1
votes

I am trying to read some data from Bigquery and some data from file system using below code.

apn = p | beam.io.Read(beam.io.BigQuerySource(query=apn_query, use_standard_sql=True)) | beam.combiners.ToList()
preprocess_rows = p | beam.io.ReadFromText(file_path, coder=UnicodeCoder())

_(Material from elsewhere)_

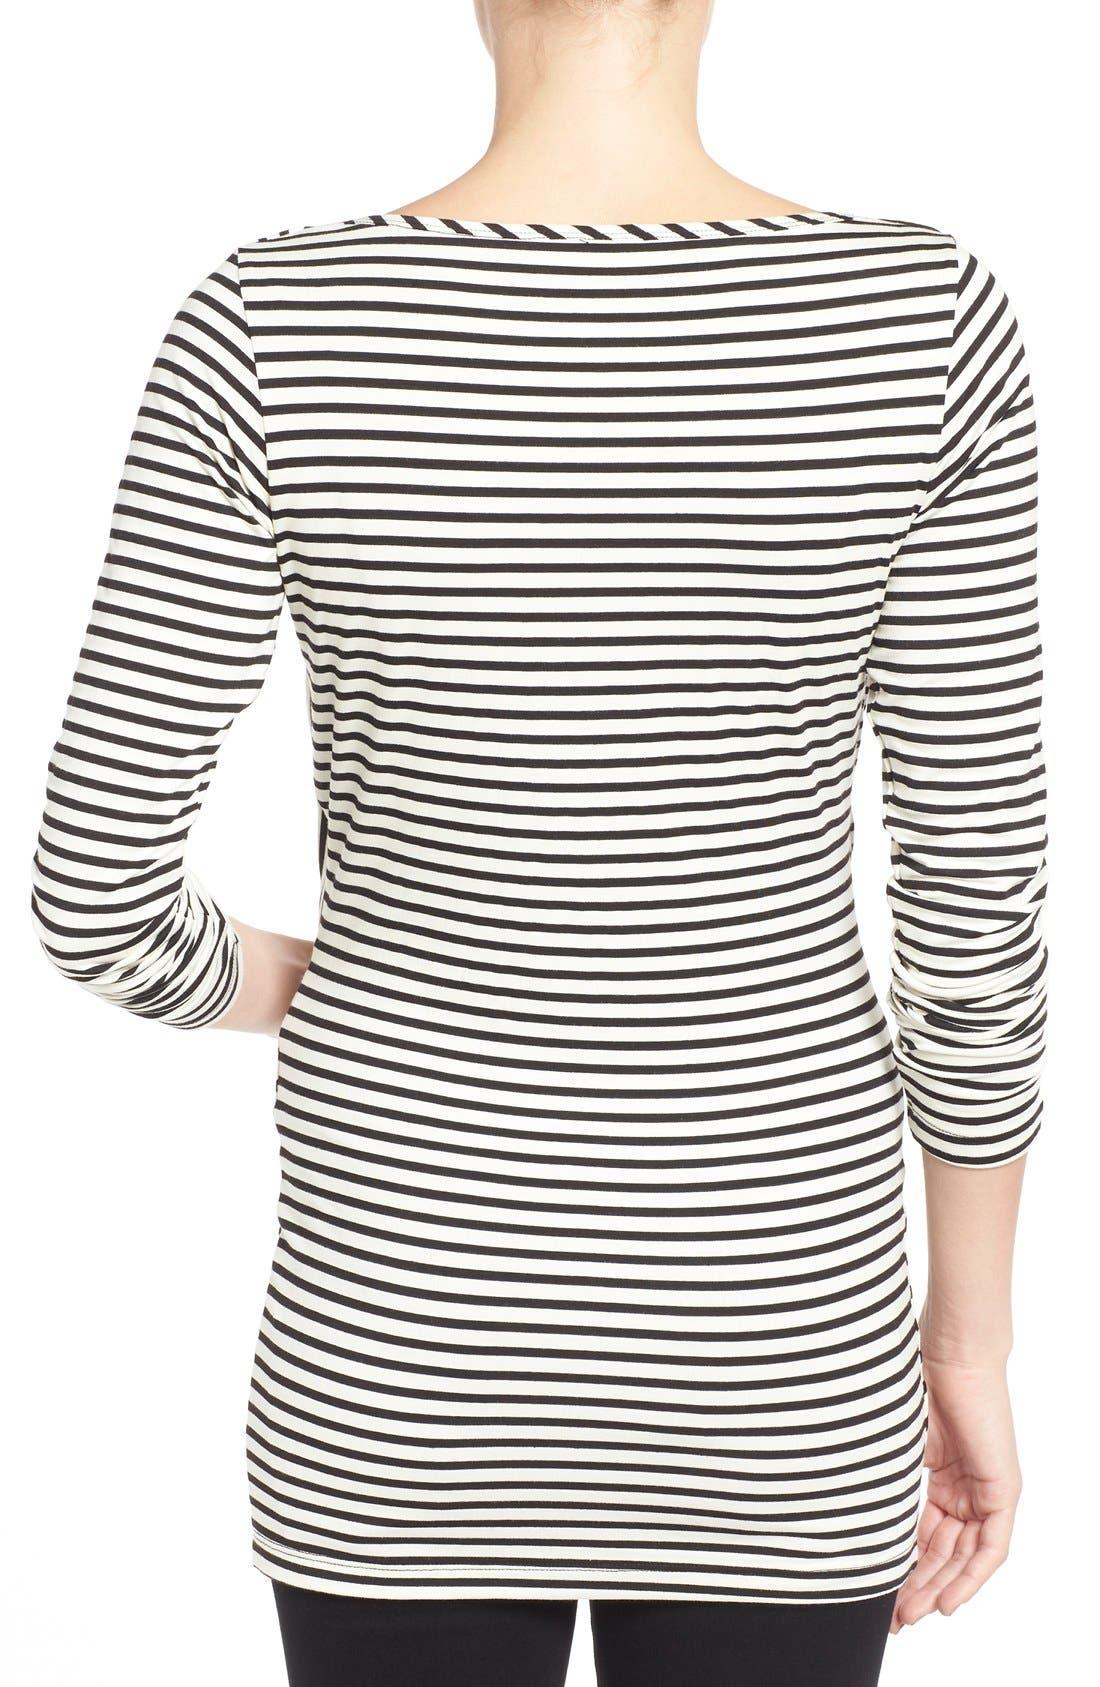 'Anne' Drape Neck Nursing Top,                             Alternate thumbnail 2, color,                             Black/ White Stripe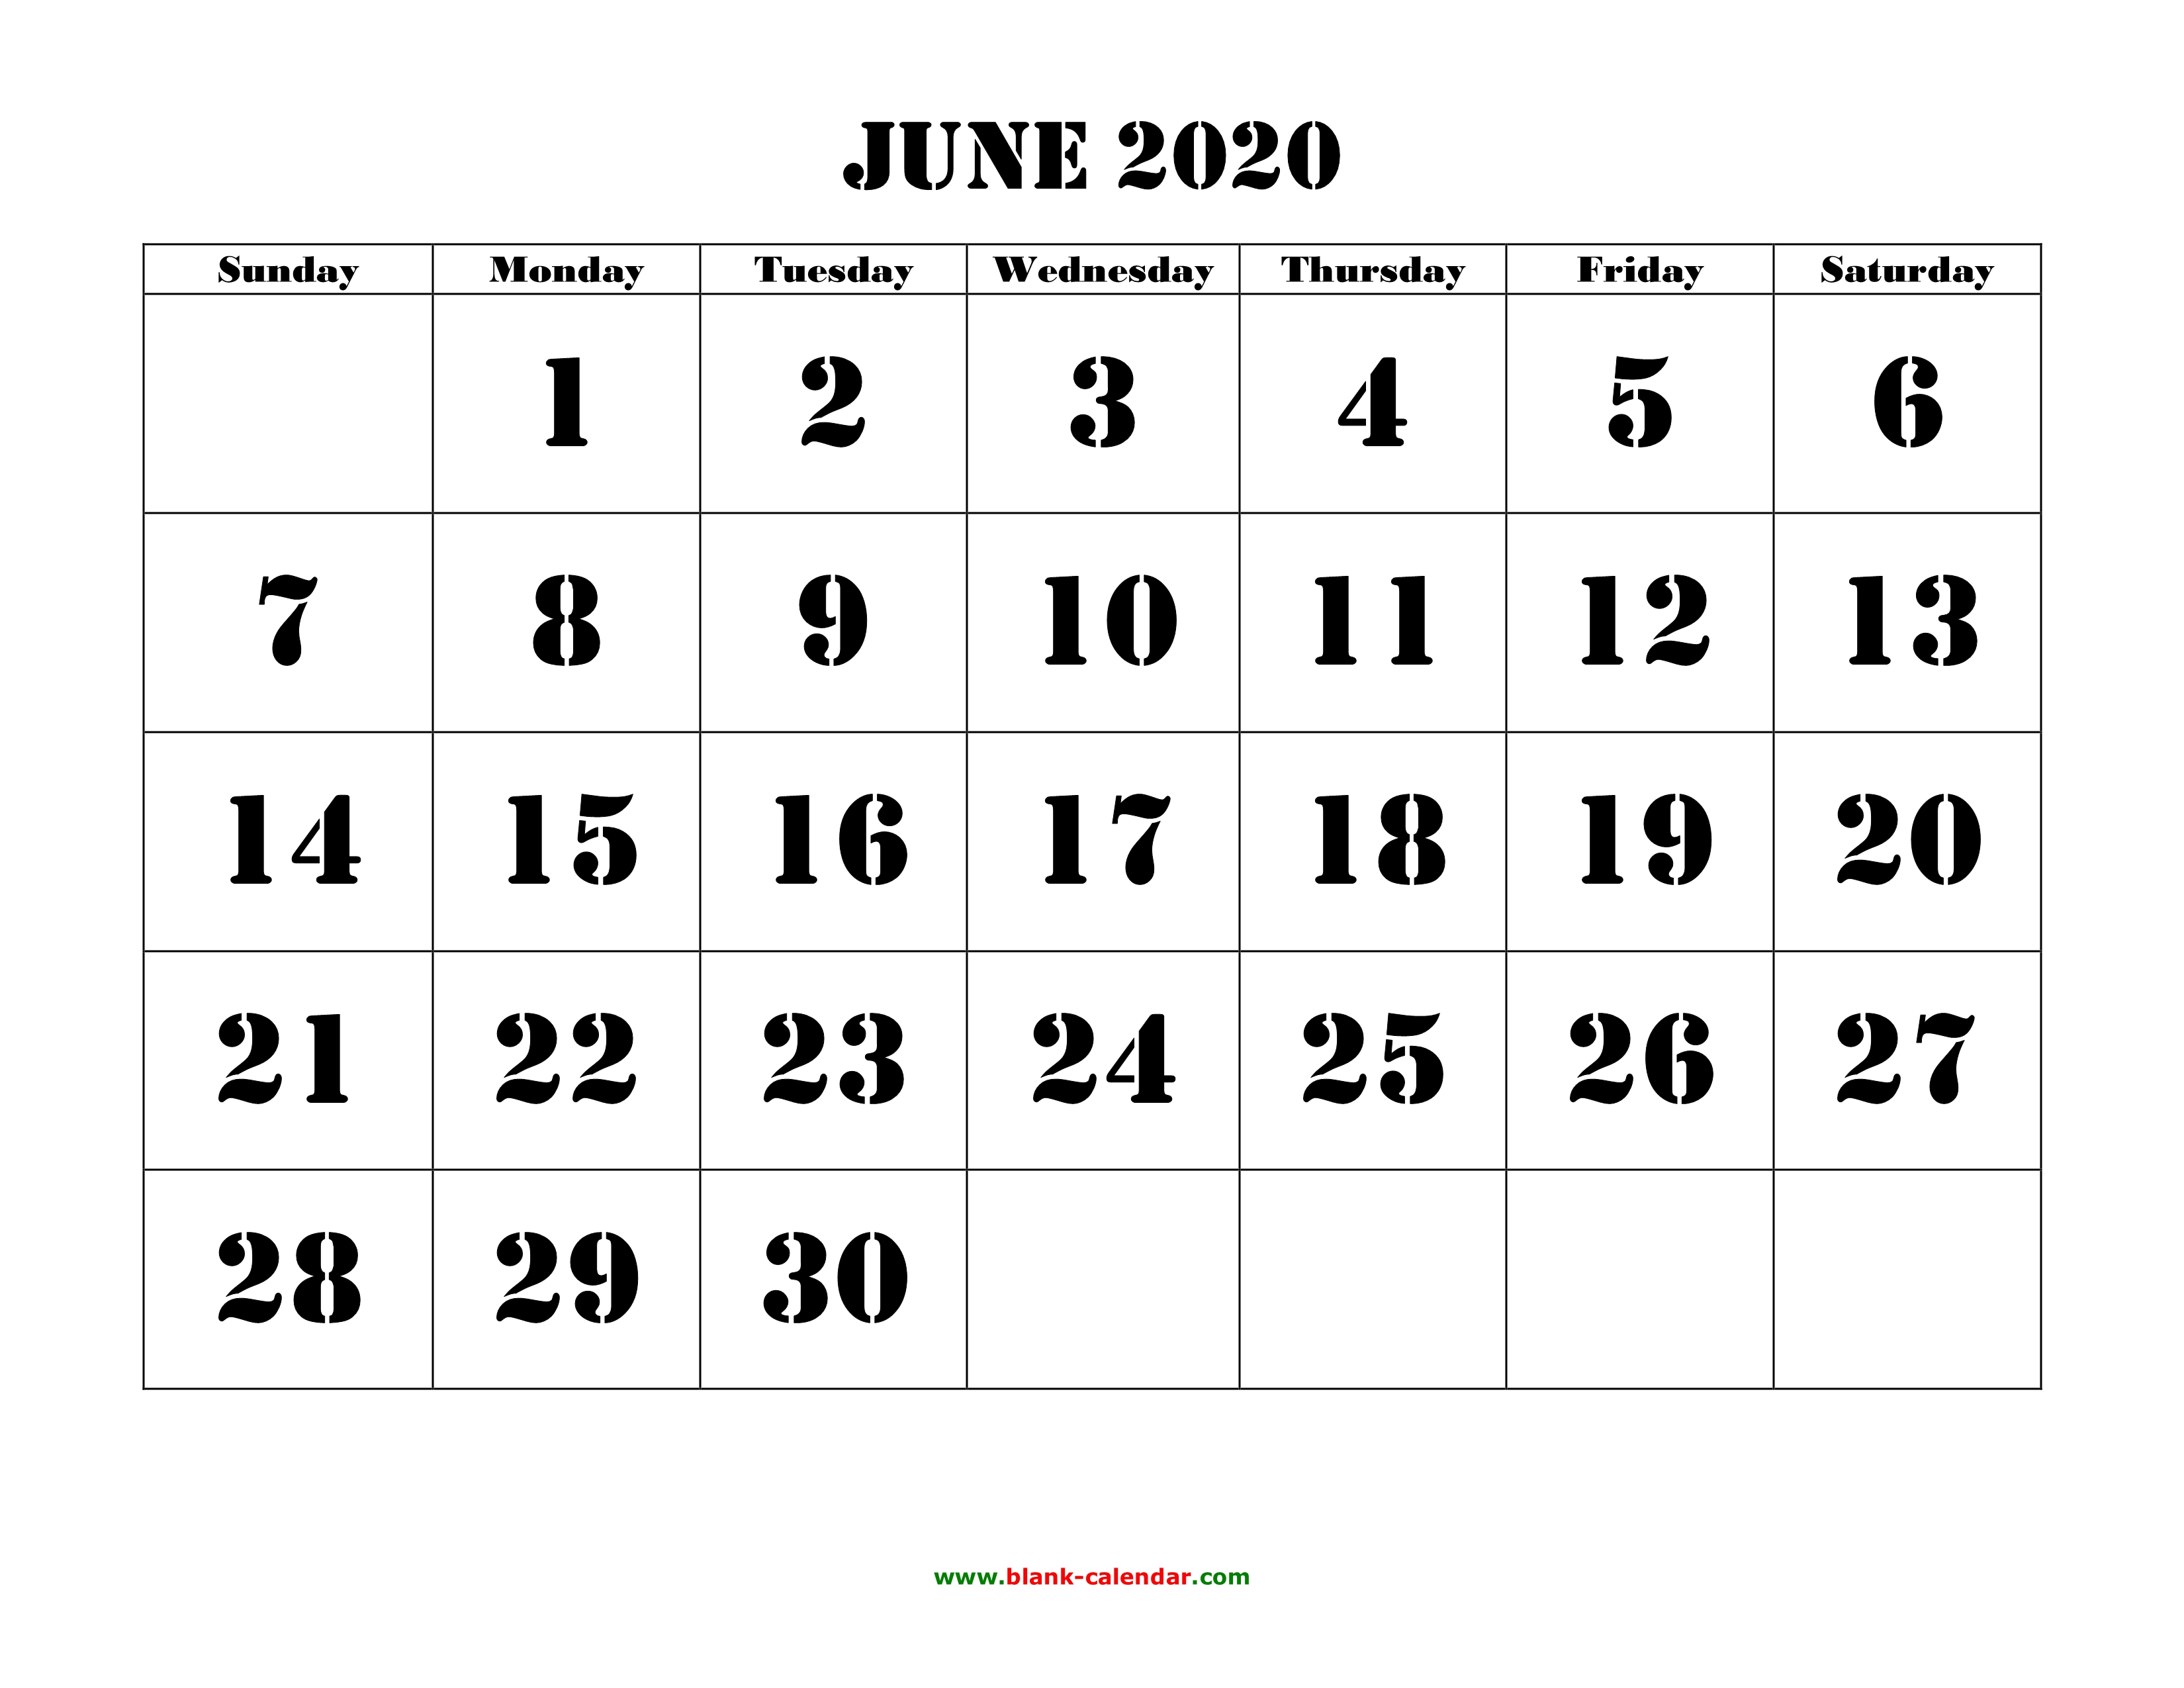 June 2020 Printable Calendar | Free Download Monthly

But when I run this pipeline, I am getting below error

Traceback (most recent call last): File "/etl/dataflow/etlTXLPreprocessor.py", line 125, in run() File "/etl/dataflow/etlTXLPreprocessor.py", line 120, in run p.run().wait_until_finish() File "/etl/dataflow/venv3/lib/python3.7/site-packages/apache_beam/pipeline.py", line 461, in run self._options).run(False) File "/etl/dataflow/venv3/lib/python3.7/site-packages/apache_beam/pipeline.py", line 474, in run return self.runner.run_pipeline(self, self._options) File "/etl/dataflow/venv3/lib/python3.7/site-packages/apache_beam/runners/direct/direct_runner.py", line 182, in run_pipeline return runner.run_pipeline(pipeline, options) File "/etl/dataflow/venv3/lib/python3.7/site-packages/apache_beam/runners/direct/direct_runner.py", line 413, in run_pipeline pipeline.replace_all(_get_transform_overrides(options)) File "/etl/dataflow/venv3/lib/python3.7/site-packages/apache_beam/pipeline.py", line 443, in replace_all self._replace(override) File "/etl/dataflow/venv3/lib/python3.7/site-packages/apache_beam/pipeline.py", line 340, in _replace self.visit(TransformUpdater(self)) File "/etl/dataflow/venv3/lib/python3.7/site-packages/apache_beam/pipeline.py", line 503, in visit self._root_transform().visit(visitor, self, visited) File "/etl/dataflow/venv3/lib/python3.7/site-packages/apache_beam/pipeline.py", line 939, in visit part.visit(visitor, pipeline, visited) File "/etl/dataflow/venv3/lib/python3.7/site-packages/apache_beam/pipeline.py", line 939, in visit part.visit(visitor, pipeline, visited) File "/etl/dataflow/venv3/lib/python3.7/site-packages/apache_beam/pipeline.py", line 939, in visit part.visit(visitor, pipeline, visited) File "/etl/dataflow/venv3/lib/python3.7/site-packages/apache_beam/pipeline.py", line 942, in visit visitor.visit_transform(self) File "/etl/dataflow/venv3/lib/python3.7/site-packages/apache_beam/pipeline.py", line 338, in visit_transform self._replace_if_needed(transform_node) File "/etl/dataflow/venv3/lib/python3.7/site-packages/apache_beam/pipeline.py", line 301, in _replace_if_needed new_output = replacement_transform.expand(input_node) File "/etl/dataflow/venv3/lib/python3.7/site-packages/apache_beam/runners/direct/sdf_direct_runner.py", line 87, in expand invoker = DoFnInvoker.create_invoker(signature, process_invocation=False) File "apache_beam/runners/common.py", line 360, in apache_beam.runners.common.DoFnInvoker.create_invoker TypeError: create_invoker() takes at least 2 positional arguments (1 given)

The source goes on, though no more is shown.